De heer Vendrik (GroenLinks): Voorzitter. Ik wens dat dit geen herhaling
wordt van het debat van twee weken geleden. Ik heb toen ook tegen de
staatssecretaris gezegd dat er naast alle formele, procedurele discussies --
 wie moet zich op welk moment met wie bemoeien en wanneer niet -- één
politiek feit is dat in dit debat een rol speelt. Dat politieke feit is dat
de Tweede Kamer dit voorjaar onjuist is geïnformeerd door de
verantwoordelijke bewindspersonen van het ministerie van EZ over de stand
der dingen rondom het softwareoctrooi.
Ik heb dat de vorige keer aangehaald en doe het bij dezen opnieuw. Ik vind
dat het een zekere verplichting met zich brengt. Ik doe opnieuw een beroep
op de staatssecretaris om een keer sjiek te zijn, zeker nu helder is dat,
wat twee weken geleden eigenlijk al duidelijk was, maar nog niet formeel
beslecht, de juridische commissie van het Europees Parlement in grote
meerderheid de Commissie opnieuw zal verzoeken om de Software-
octrooirichtlijn in eerste lezing bij het EP aanhangig te maken. Die wens
leeft in alle fracties van het Europees Parlement, ook bij de fractie van
het EVP, zeg ik tegen de heer Hessels. Ik heb vanochtend mijn Europese
collega nog gevraagd hoe het ligt bij de vrienden van de heer Hessels in
het Europees Parlement. Blijkens mijn informatie zijn die het tamelijk met
ons eens. Het Europees Parlement vindt wat hier is gebeurd niet goed. Twee
weken geleden ben ik al ingegaan op de omstandigheid van de uitbreiding en
de betekenis voor de tien nieuwe Lidstaten die eigenlijk voor een fait
accompli zijn gesteld. Ik zal dit nu niet nog eens zeggen, maar ik
constateer als politiek feit dat het Europees Parlement dringend behoefte
heeft aan heropening van het debat in eerste lezing.

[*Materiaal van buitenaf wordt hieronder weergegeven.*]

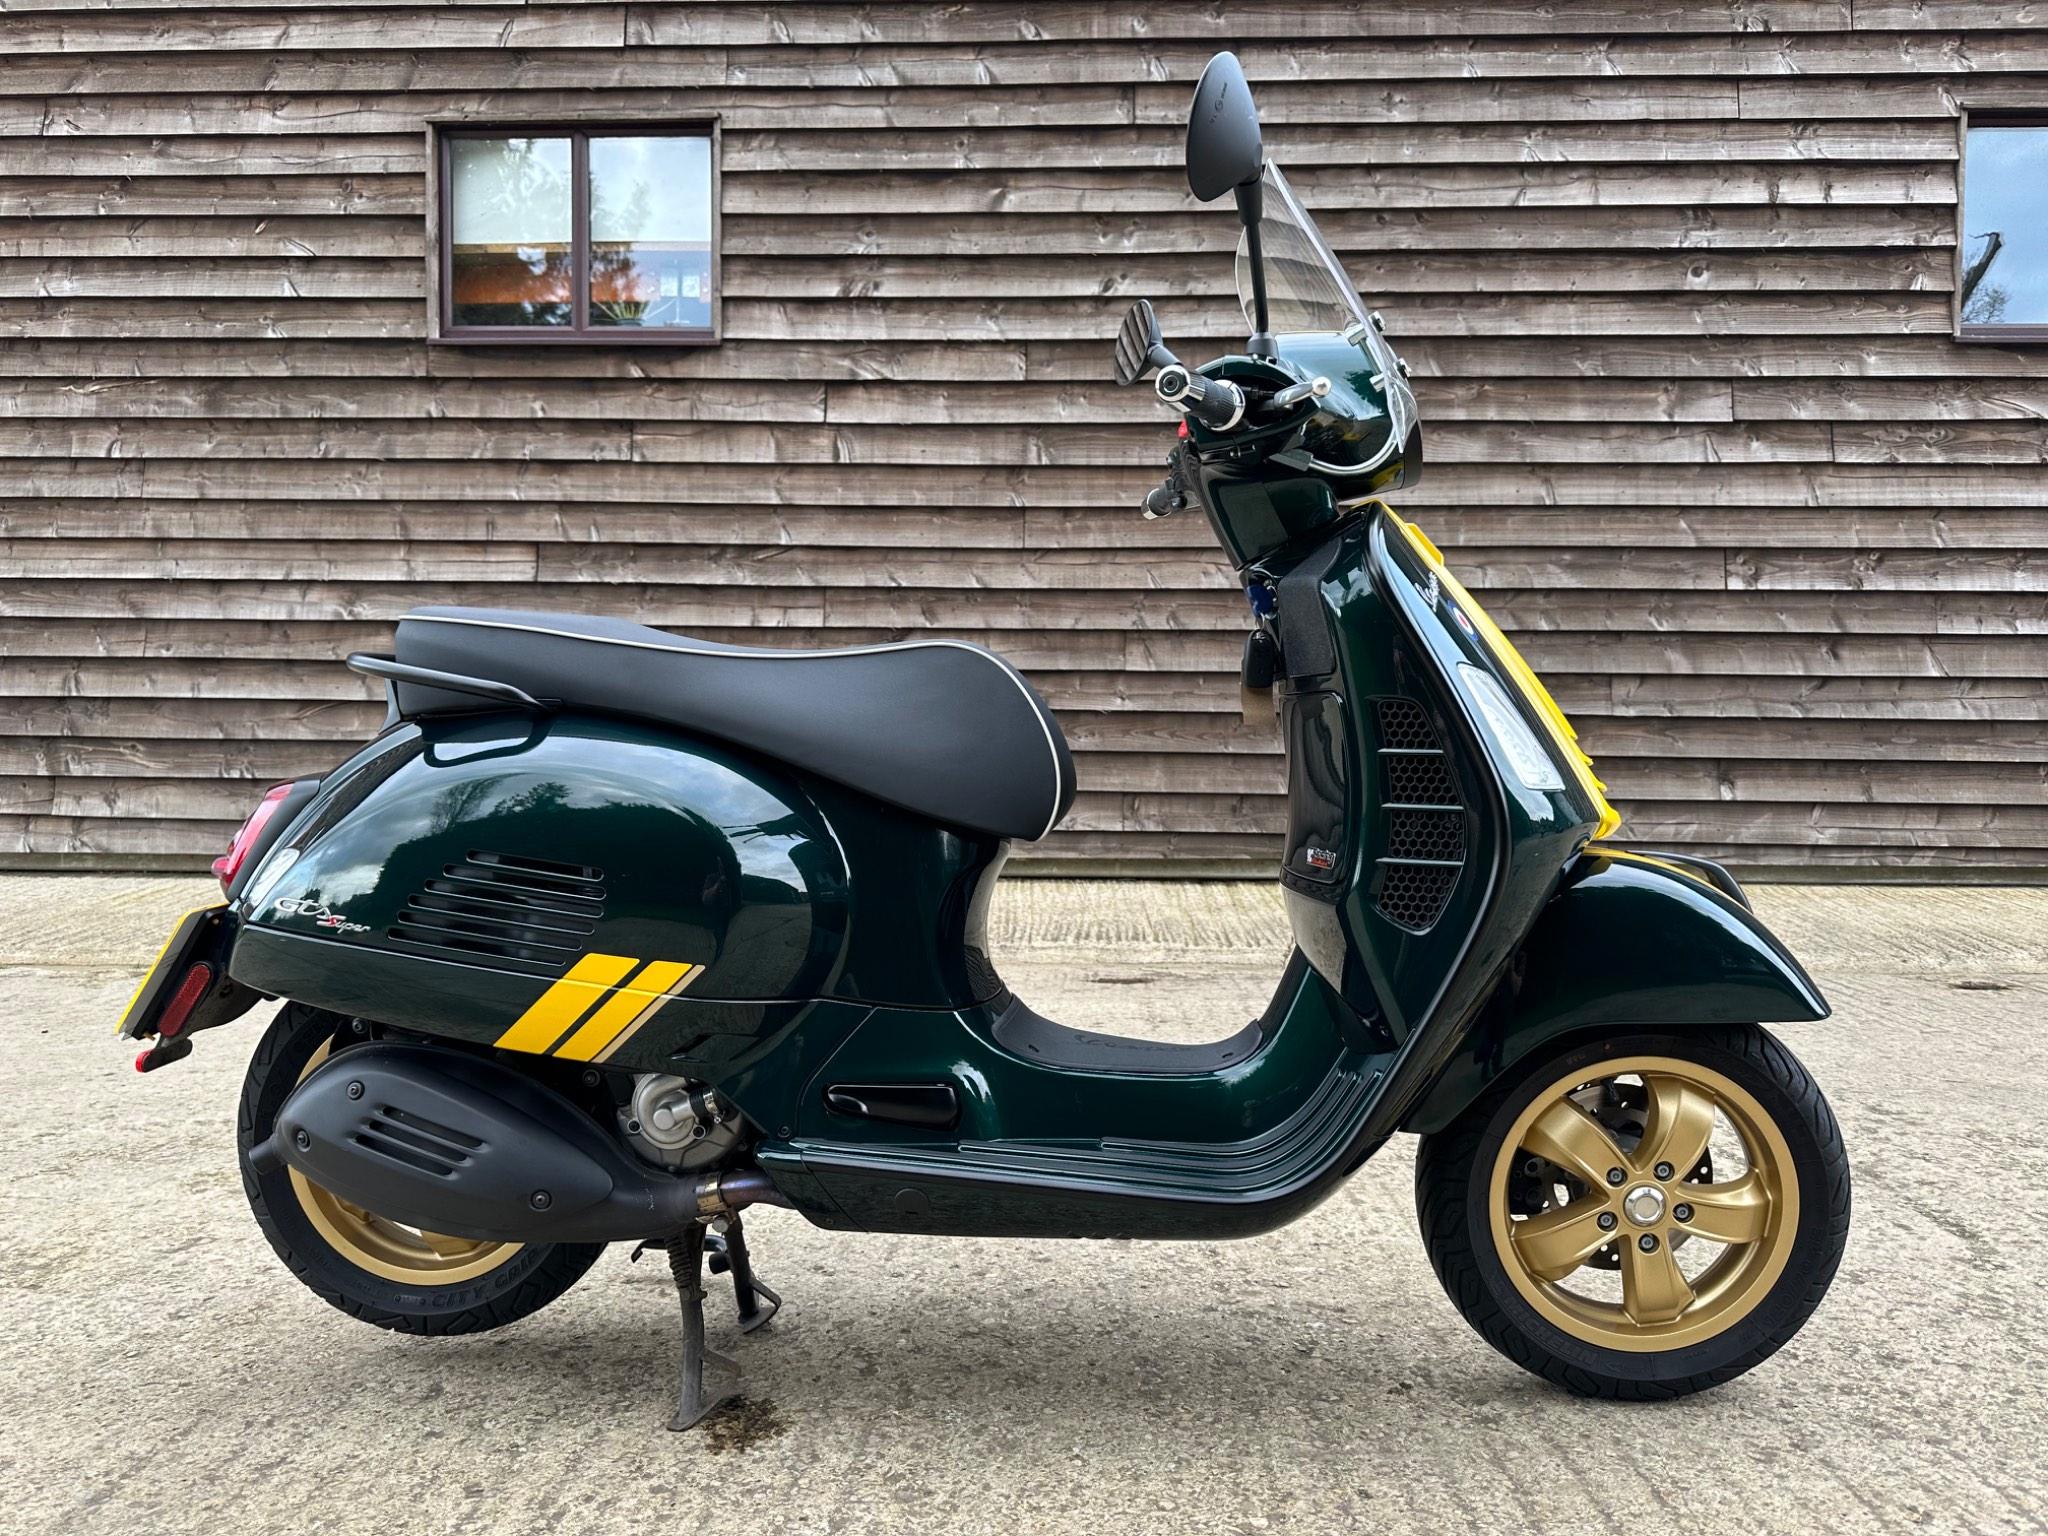 2022 Piaggio Vespa GTS 300 hpe Super Racing Sixties ABS From £91.38 per month

      Wij kunnen dan wel weer de discussie aangaan over het feit dat die
procedure in het Europees Parlement niet formeel verdragstechnisch is
geregeld en dat Nederland daarin geen positie heeft, maar dat ontken ik.
Nederland heeft er wel een positie in. Nederland heeft in Europa een
opvatting neergelegd over de Software-octrooirichtlijn die niet conform de
opvatting van de meerderheid van deze Kamer is. Dat is een politiek feit
dat er niet om liegt. Ik denk dat het sjiek is om tegemoet te komen aan de
wens van het Europees Parlement en om als Nederlandse regering actief in de
richting van de Europese Commissie, met name de betrokken Commissaris, te
zeggen: wij stoppen nu de procedure in de Raad, het mag van ons geen A-punt
worden via de Ecofinraad van maandag a.s. of de Landbouwraad, de
Toerismeraad of welke raad dan ook, en wij vragen u, u te verstaan met de
voorzitter van het Europees parlement om na te gaan hoe aan het verzoek van
dit parlement kan worden voldaan. Dat zou de uitkomst moeten zijn van dit
debat.
      Ik ben het eerlijk gezegd een beetje zat om elke keer weer in
discussie te treden over het wel of niet bestaan van het politieke feit dat
er een richtlijn door Nederland is aanvaard waarin de meerderheid van het
parlement zich niet kon vinden. Dat de meerderheid er zich niet in kon
vinden, zou doorslaggevend moeten zijn. Wij hebben er onvrede over en de
Europeanen ook. Ik weet dat in het Duitse parlement vergelijkbare acties
tot ontwikkeling zijn gekomen. Daar gaat binnenkort waarschijnlijk ook een
meerderheid tegen de richtlijn stemmen en de Duitse regering vragen om het
debat in Europa opnieuw aan te gaan. Wat is democratie waard als wij ons
verschuilen achter de procedures? Het wordt tijd voor een sjiek gebaar. Dat
vraag ik u bij dezen, staatssecretaris.

De heer Douma (PvdA): Voorzitter. Dit dossier heeft een ontzettend lange
geschiedenis. Ik denk dat het goed is om terug te gaan naar wat wij hier
inhoudelijk van deze richtlijn vonden. De Kamer was bij eerdere debatten
gewoon in meerderheid tegen datgene wat in deze richtlijn is geregeld. Het
ziet er naar uit dat uiteindelijk ook het Europees Parlement in meerderheid
tegen de richtlijn is zoals die thans voorligt. Dat wij in deze situatie
terecht zijn gekomen, is eigenlijk alleen maar het gevolg van onzorgvuldige
besluitvorming in dit huis -- ik zeg het voorzichtig -- doordat de Kamer in
wezen niet goed was geïnformeerd over datgene wat plaatsvond in Europa. Het
zou het democratische gehalte van dit huis en van het gedrag van de
staatssecretaris sieren als de staatssecretaris zich erbij neerlegde dat er
een meerderheid in deze Kamer is die inhoudelijk tegen deze richtlijn is en
dat zich in het Europees Parlement ook een dergelijke meerderheid heeft
afgetekend. Daar waar er een mogelijkheid is om aan de
meerderheidsopvatting van zowel ons nationale parlement als het Europees
Parlement gehoor te geven, zou het haar sieren om niet via procedures en
allerlei uitvluchten te proberen om het onmogelijk te maken dat gehoor
wordt gegeven aan de meerderheidsopvatting van dit parlement en het
Europees Parlement. Ik vraag haar in feite om uitvoering te geven aan
datgene wat in de motie van mevrouw Gerkens is gevraagd.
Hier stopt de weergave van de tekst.